Der Name erklärte eine Menge; Frank Randall war ein bedeutender Historiker gewesen und ein guter Freund des Reverends; sie hatten jahrelang jakobitische Obskuritäten miteinander ausgetauscht, obwohl es mindestens zehn Jahre her war, dass Frank Randall zuletzt im Pfarrhaus gewesen war.
»Dann … wollen Sie die historischen Stätten in der Gegend von Inverness besuchen?«, fragte Roger. »Sind Sie schon in Culloden gewesen?«
»Noch nicht«, antwortete Brianna. »Wir wollten es im Lauf der Woche tun.« Ihr Lächeln war höflich, mehr nicht.
»Wir haben für heute Nachmittag eine Tour am Loch Ness gebucht«, sagte Claire. »Und vielleicht fahren wir morgen nach Fort William, oder wir sehen uns einfach nur in Inverness um; der Ort ist anständig gewachsen, seit ich das letzte Mal hier war.«
»Wann ist das gewesen?« Roger fragte sich, ob er seine Dienste als Fremdenführer anbieten sollte.

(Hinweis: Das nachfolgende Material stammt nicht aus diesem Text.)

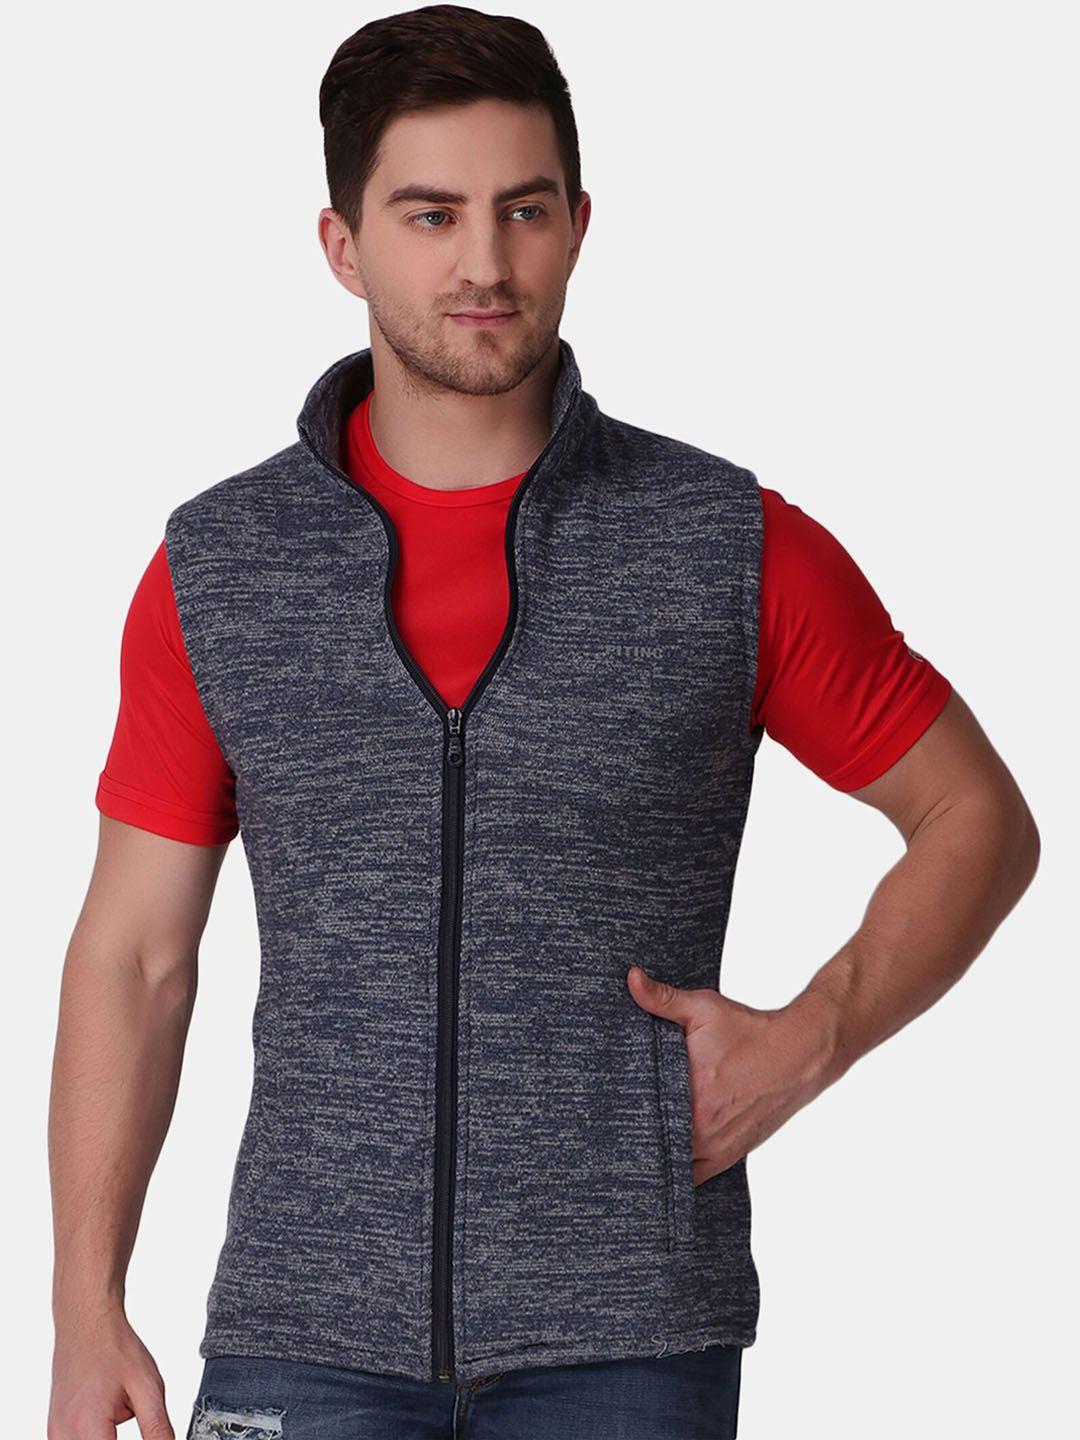 fitinc men grey striped fleece e-dry technology sporty jacket

Eigentlich hatte er dazu keine Zeit, aber die Randalls waren gute Freunde des Reverends gewesen. Außerdem war eine Autofahrt nach Fort William in Gesellschaft zweier attraktiver Damen deutlich verlockender als das Ausräumen der Garage, was der nächste Punkt auf seiner Liste war.
»Oh, vor über zwanzig Jahren. Es ist lange her.« Claires Stimme hatte einen seltsamen Unterton, der Roger bewog, sie anzusehen, doch sie erwiderte seinen Blick mit einem Lächeln.
»Nun ja«, wagte er sich vor, »falls ich irgendetwas für Sie tun kann, solange Sie in den Highlands sind …«
Claire lächelte zwar weiter, doch in ihrem Gesicht änderte sich etwas. Er hätte fast glauben können, dass sie auf die Gelegenheit gewartet hatte. Sie richtete den Blick auf Brianna, dann wieder auf Roger.
»Da Sie es erwähnen«, sagte sie, und ihr Lächeln wurde breiter.